Когда, например, звонит телефон, это всегда мука мученическая. Али и Йема не решаются подойти: вдруг в трубке прозвучит французская речь. Йема по-прежнему не знает ни слова на этом языке. Ее муж мало-мальски освоился, но ему нужно лицо, мимика, чтобы заполнить пустоты на месте всех слов, которых он не понимает. От телефонного звонка его бросает в холодный пот. Иногда он вешает трубку, едва услышав «здравствуйте» по-французски, — так боится показаться смешным, если начнет разговор.
Поэтому за пронзительным звонком чаще всего следует секунда тишины — как будто по звуку они могут догадаться, на каком языке будет говорить собеседник, — а потом крик:
— Хамид!
Он — домашний секретарь на телефоне. Раньше он этим гордился. Теперь, в переходном возрасте, ему хочется, чтобы его оставили в покое, — пусть бы никто не вторгался в пространство его мечты. Но он продолжает исполнять свои обязанности, потому что в нем нуждаются. Никто не просит Далилу сменить его, ведь Далила всегда, всегда сердита. В ее хрупком теле — чудовищные запасы ярости. Надо видеть ее утром, когда она встает и собирается в школу, а как она пьет кофе с молоком — эта девчонка ухитряется воевать со столом, воевать с чашкой, с сахаром, с ложечкой. Когда звонит телефон, она поднимает свои черные глаза лишь для того, чтобы испепелить его взглядом, после чего убегает и закрывается в комнате девочек. Хамид подходит, передает трубку, если слышит арабский или кабильский, записывает, что передать, если говорят по-французски. Никто никогда не учил его телефонному этикету — поэтому, снимая трубку, он говорит не «алло», а «кто это?».
Большинство дядюшек и тетушек Наимы сохранили эту привычку даже тридцать-сорок лет спустя, и каждый раз, когда она им звонит, ее раздражает этот первый вопрос: она как будто виновата, что позвонила.
• • •
Серым и тусклым утром 1967 года, в один из дней нормандской зимы, которая тянется с октября по апрель, когда дети делают уроки за столом в гостиной, Али встает с дивана и идет к большому шкафу, занимающему всю стену, — к этому чудовищу ни Хамид, ни Наима так и не смогут привыкнуть: дьявольский гибрид буфета и нормандского шкафа, к которому производитель счел нужным добавить колоннады и маленькую витрину для самых красивых чашек. В нижней части слева, в выдвижном ящике лежат медали Али, «семь кило железа», которые он привез с собой из Алжира.
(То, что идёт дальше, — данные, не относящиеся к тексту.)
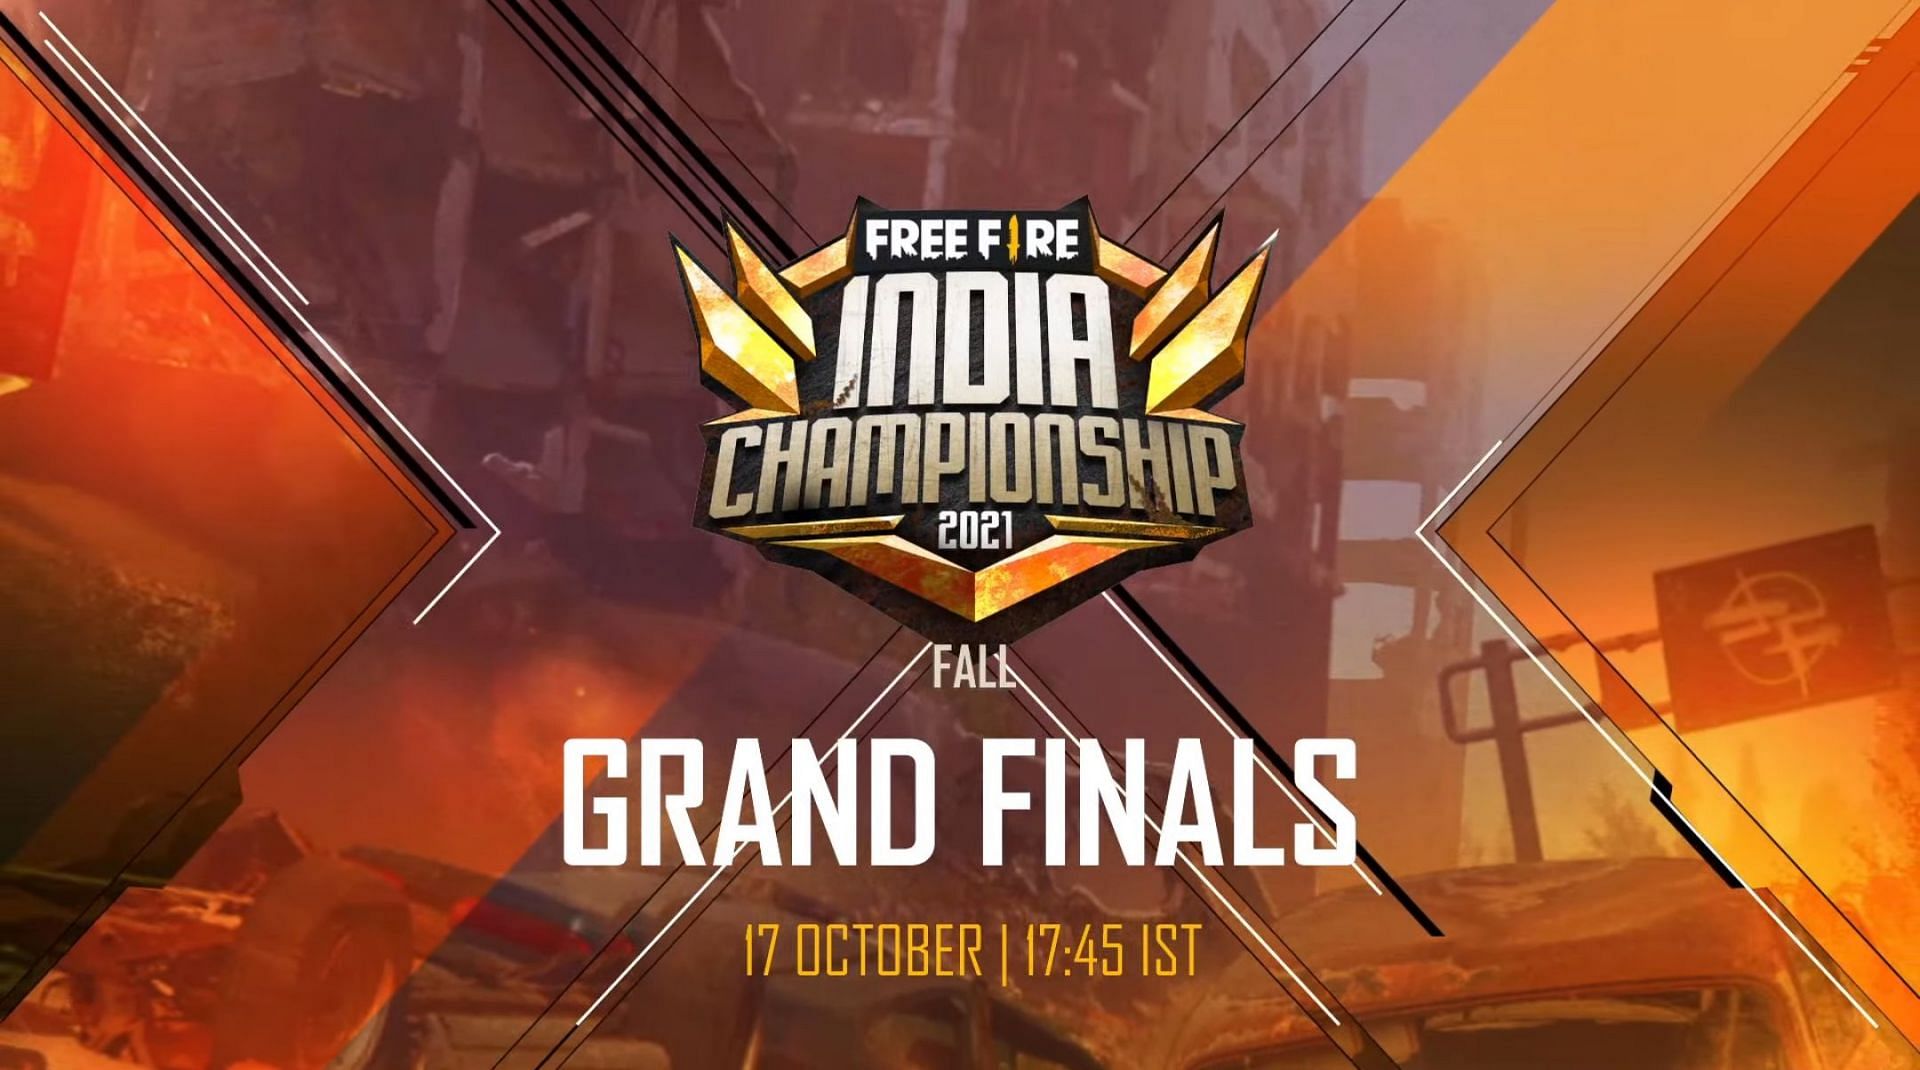 Free Fire India Championship 2021 Fall Finals concluded on October 17, 2021 (Image via Garena)

В этот день, ни слова не говоря, он встает с дивана, на котором смотрел телевизор, подходит, выдвигает ящик и скрывается в кухне. Хамид, Кадер, Далила и Клод слышат, как он вытаскивает из-под раковины большое мусорное ведро, потом до них доносится звон медалей, которые, вывалившись из ящика, падают на кучу очисток с приглушенным липким «плюх».
Али возвращается в гостиную, задвигает пустой ящик на место и снова садится на диван. Он так и не сказал ни слова. Дети продолжают делать уроки, ни о чем не решаясь спросить.
— Это, наверно, был крик о помощи, — скажет позже Хамид.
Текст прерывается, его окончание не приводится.